Tchaikovsky 4/5/6 - Ormandy/Philly Columbia lp box, and Sibelius symphony box on Epic, Watanabe/Japan Philharmonic. I received those in the late 1960s


----------



## elgar's ghost (Aug 8, 2010)

Years ago I gently advised relatives not to buy me any musical presents. I said something along the lines that I had enough albums already but the reality was that I would feel a bit uneasy about not liking a gift when the giver was only trying his or her best.


----------



## Montarsolo (5 mo ago)

When I got to know classical music as a teenager through the radio and records, my mother said: then you should actually go to a classical concert. She took me to a concert in a church with Vera Beths, Anner Bylsma and Gerard van Blerk. They played Beethoven and Tchaikovsky, among others. We left early so we were seated in the front. 

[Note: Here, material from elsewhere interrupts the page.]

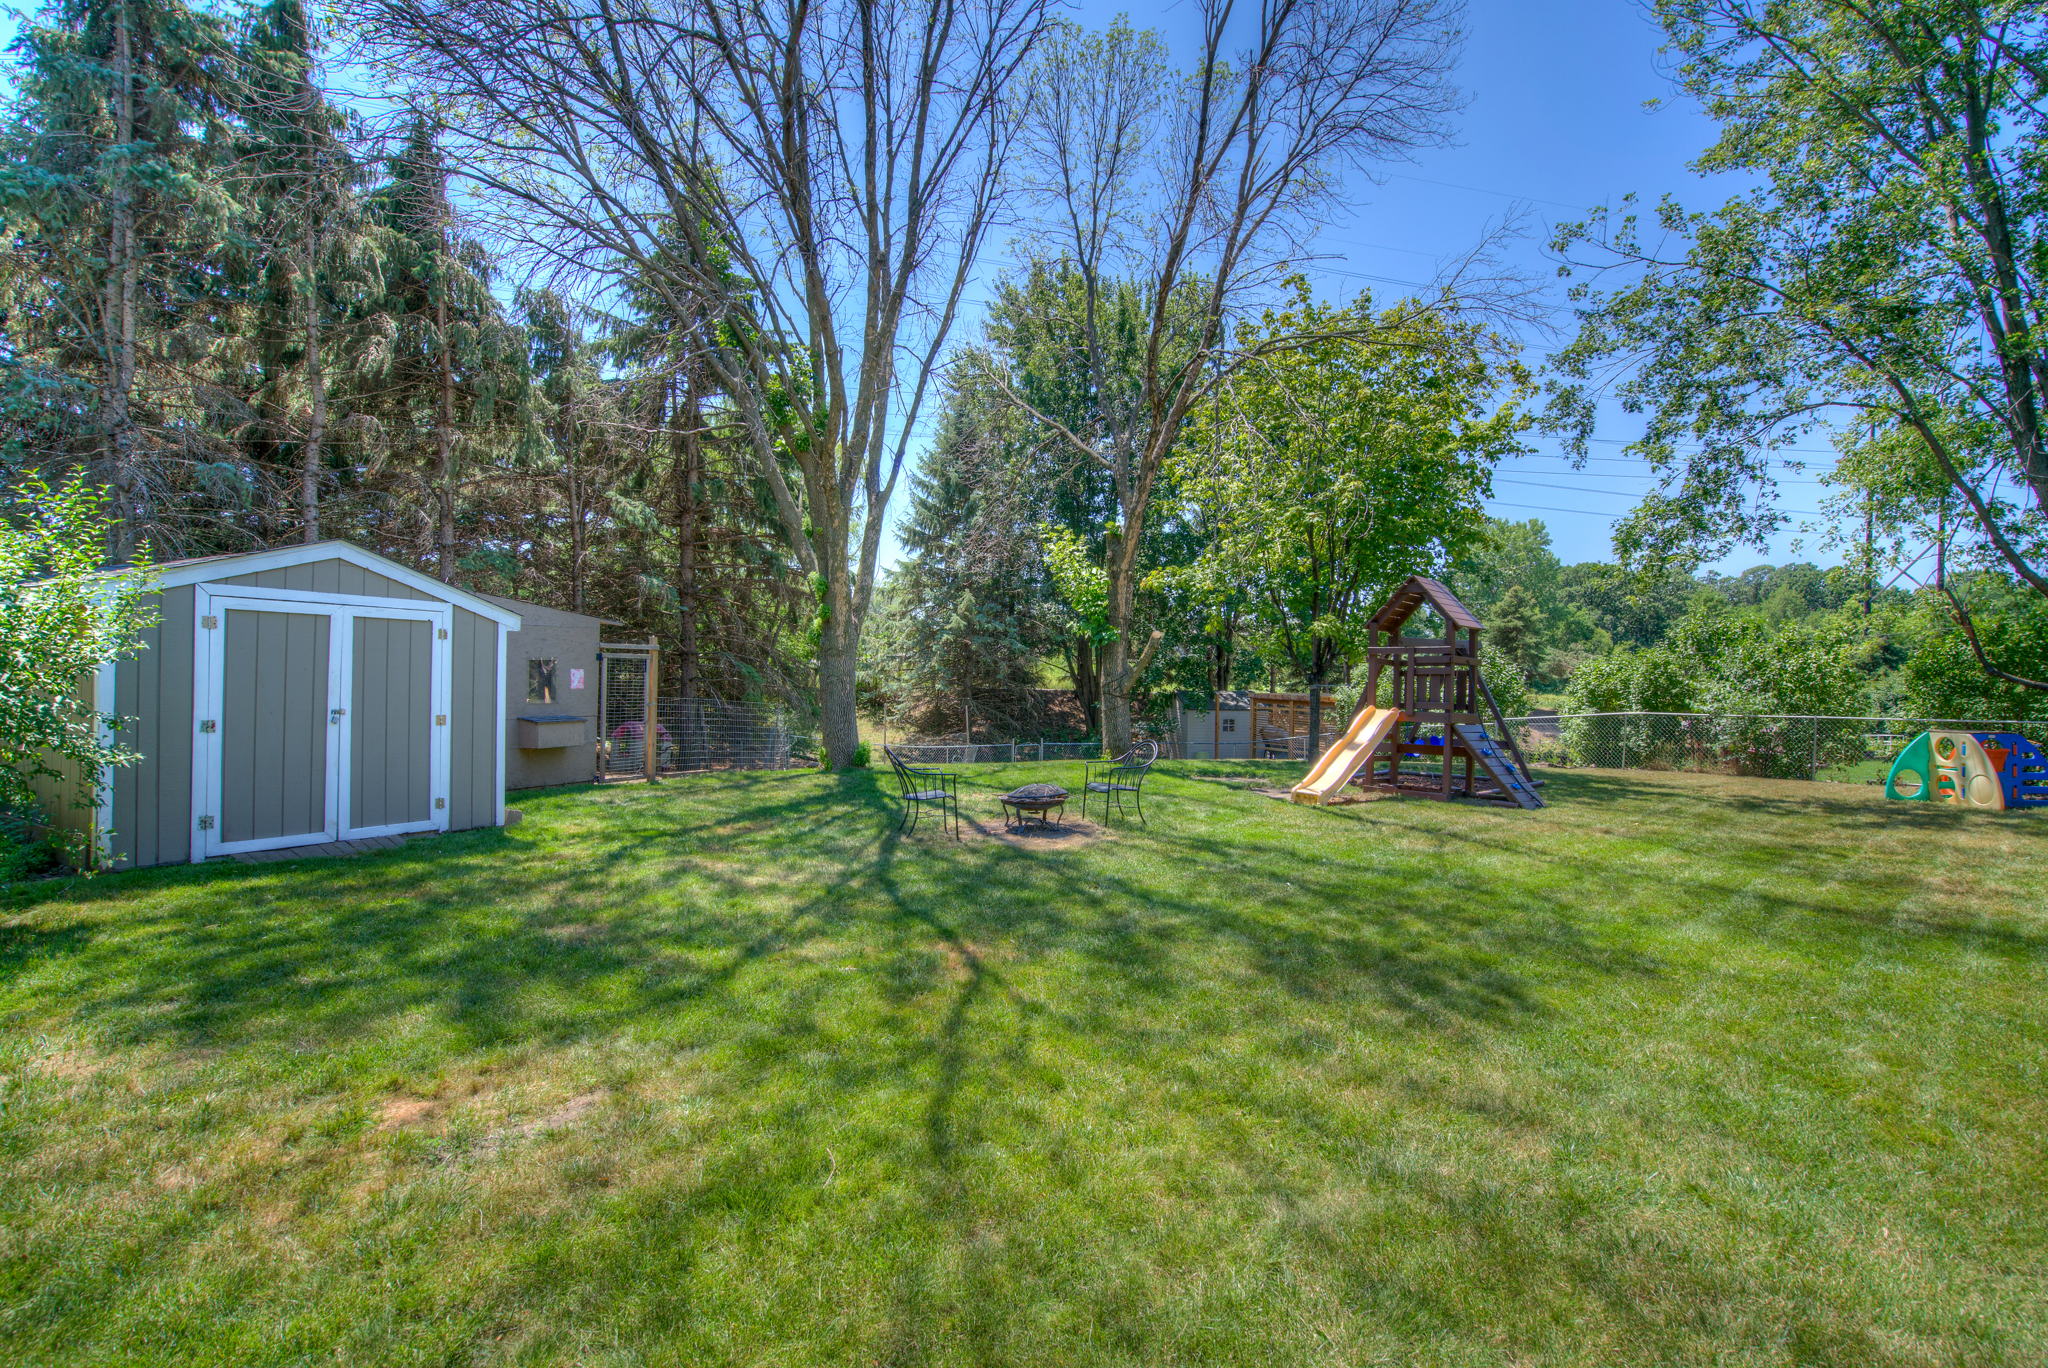 The fenced back yard includes a large storage shed and play set.

It made a huge impression! I still have the program booklet at home.


----------



## Enthusiast (Mar 5, 2016)

My parents gave me the Klemperer recording of The Magic Flute when I was 10. I have now replaced those LPs with CDs but this is still a recording of the work that I feel is hard to beat. It helped that the set was issued without the spoken (in German) parts.


----------



## RobertJTh (Sep 19, 2021)

My interest in classical music started with the Klemperer Beethoven cycle, a big licensed LP box that my dad once got as by-catch from some book club. So it wasn't really a gift, but as a grade schooler, I was the only one at home who loved this music, so I more or less "confiscated it". I still have the box, but I played it so often (on rather tacky equipment) that there must be only white noise left in the grooves.

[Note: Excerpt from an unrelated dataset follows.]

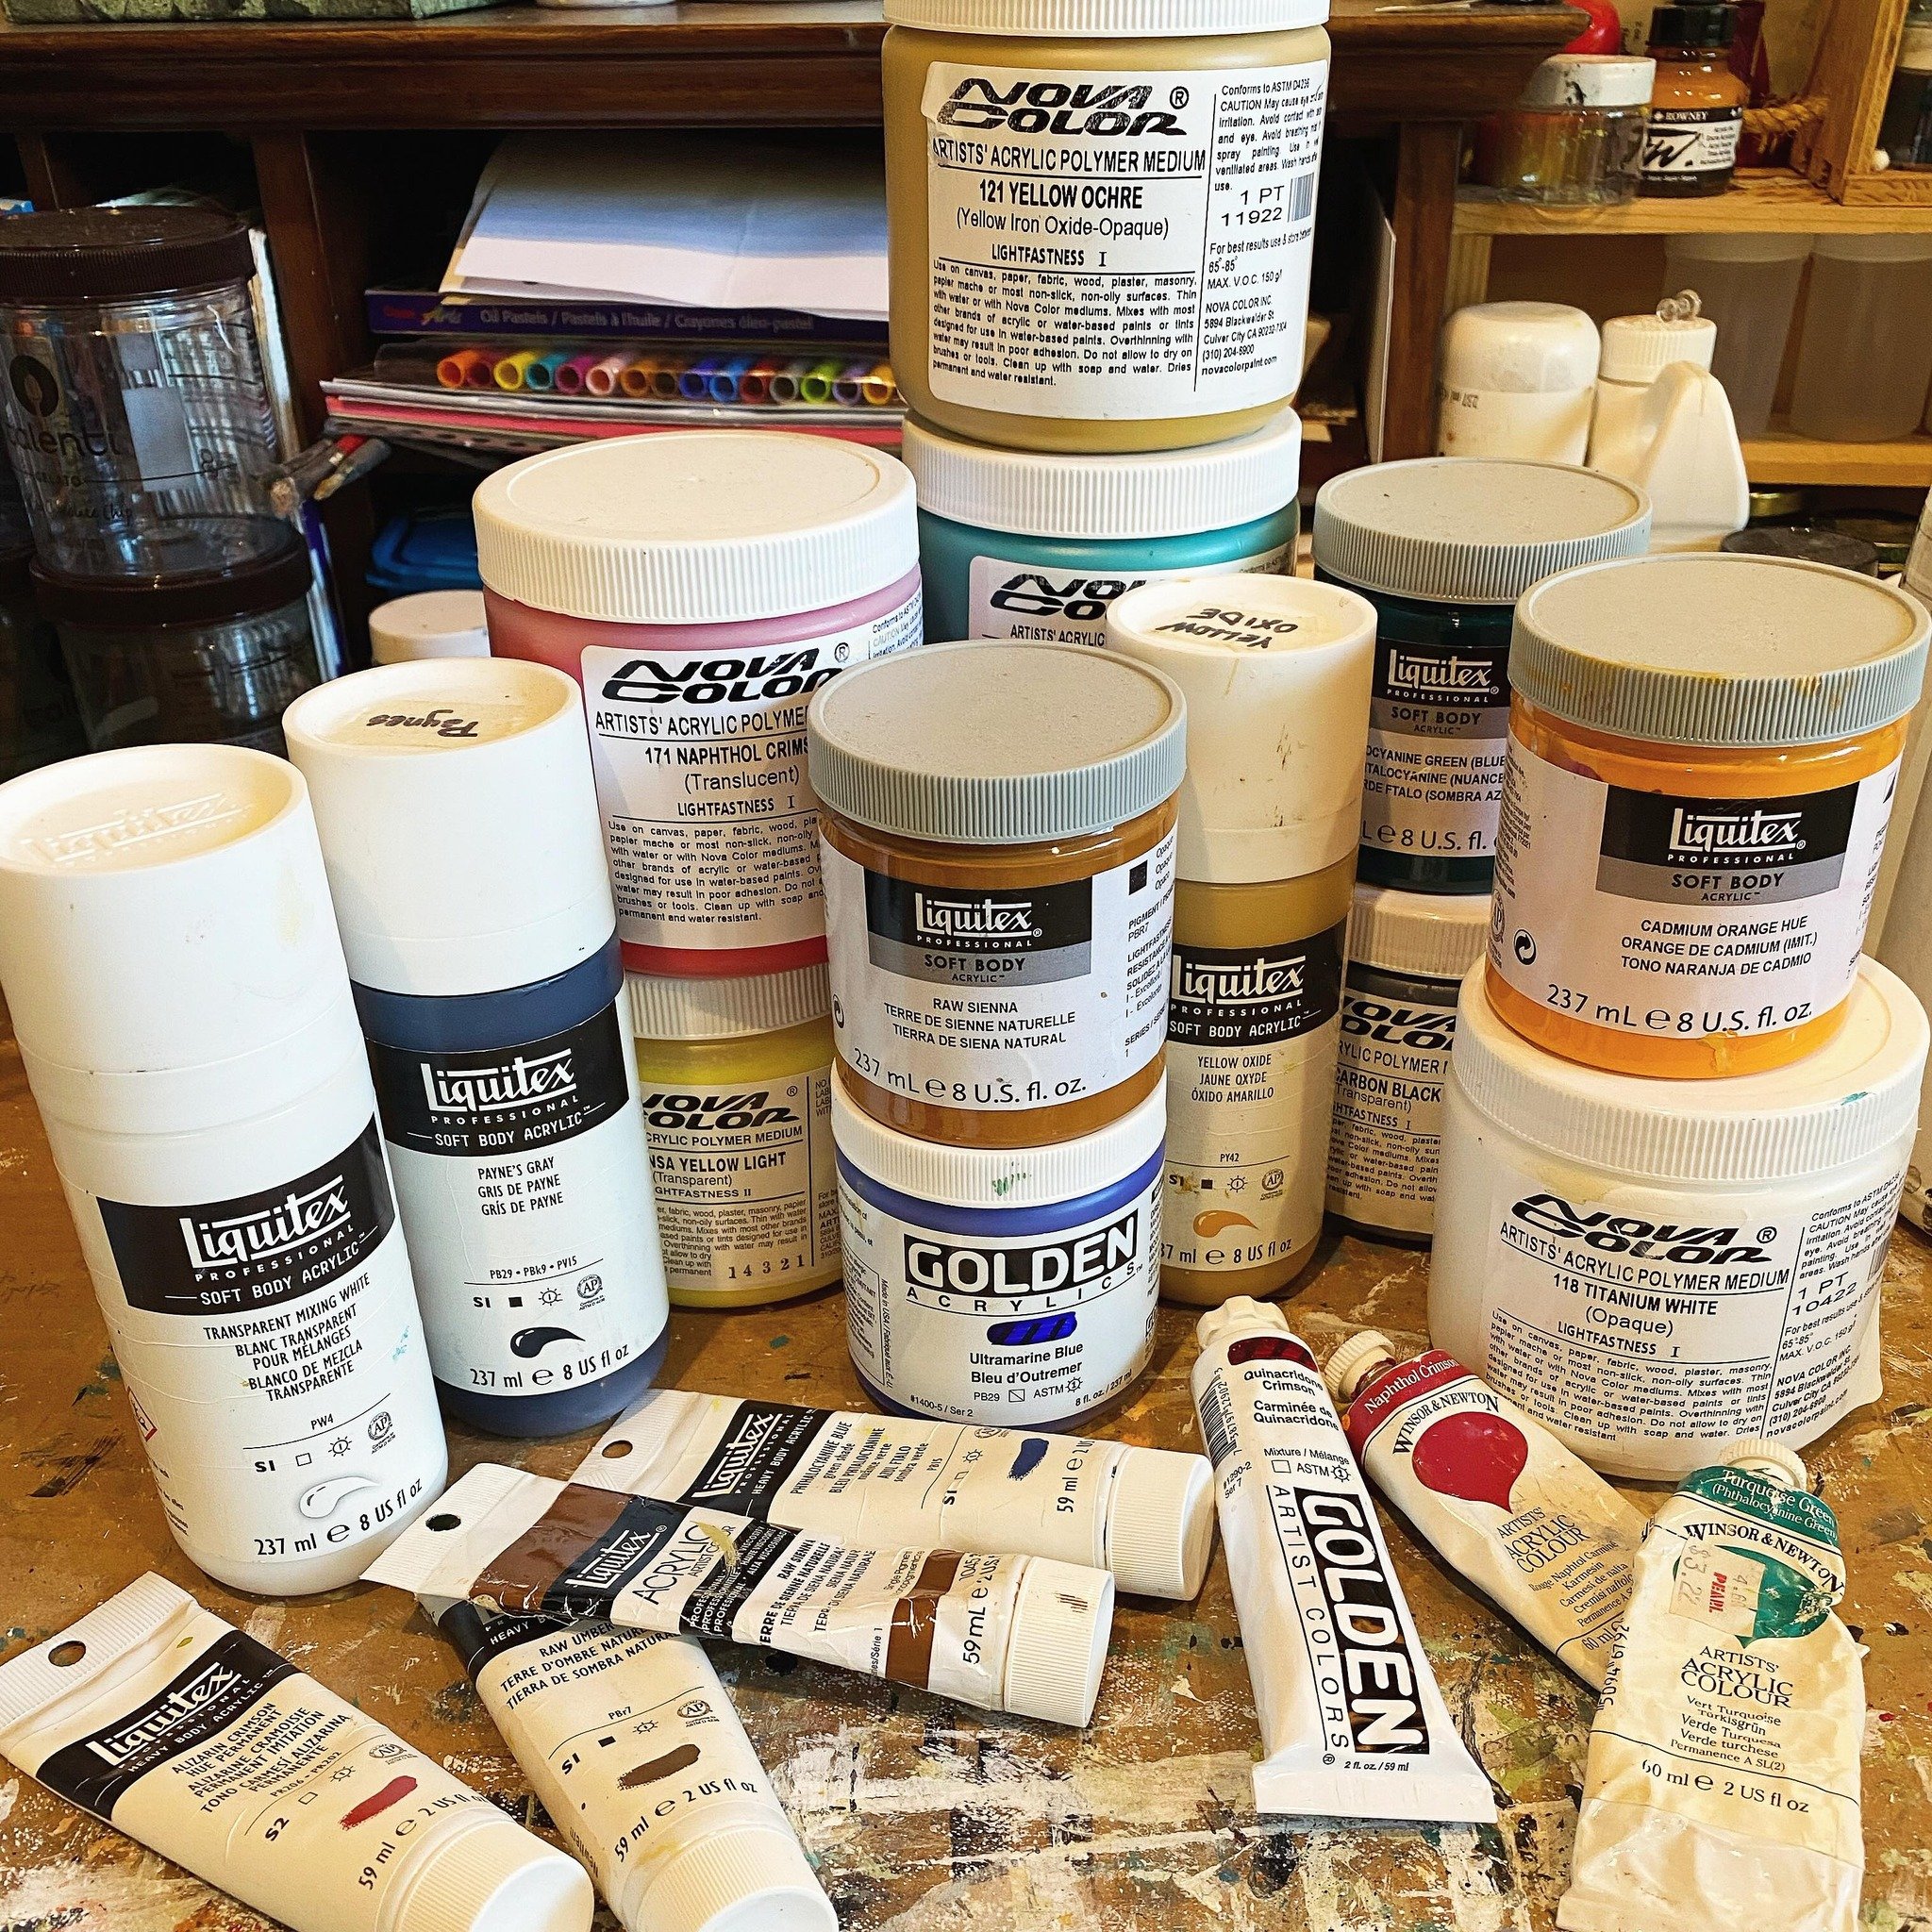 WHAT&rsquo;S YOUR FAVORITE PAINT? Most artists have a favorite paint. For decades, Liquitex was my go to paint. Once in a while I might buy a Windsor &amp; Newton or Golden color. Now I&rsquo;m in love with Nova Color Paints. They just seem so luscio

I don't remember much great music being gifted, I always made my own choices. One particular LP set that I enjoyed very much was Mozart late String Quartets, I think played by the Juilliards (not sure), which my uncle gave to me at one occasion (he got it from someone else, and string quartets were an alien world to him).


----------



## RobertJTh (Sep 19, 2021)

Oh yeah, and worst.
Years ago, after the death of elderly organist I knew fairly well, his widow told me I could have his sheet music and cd collection.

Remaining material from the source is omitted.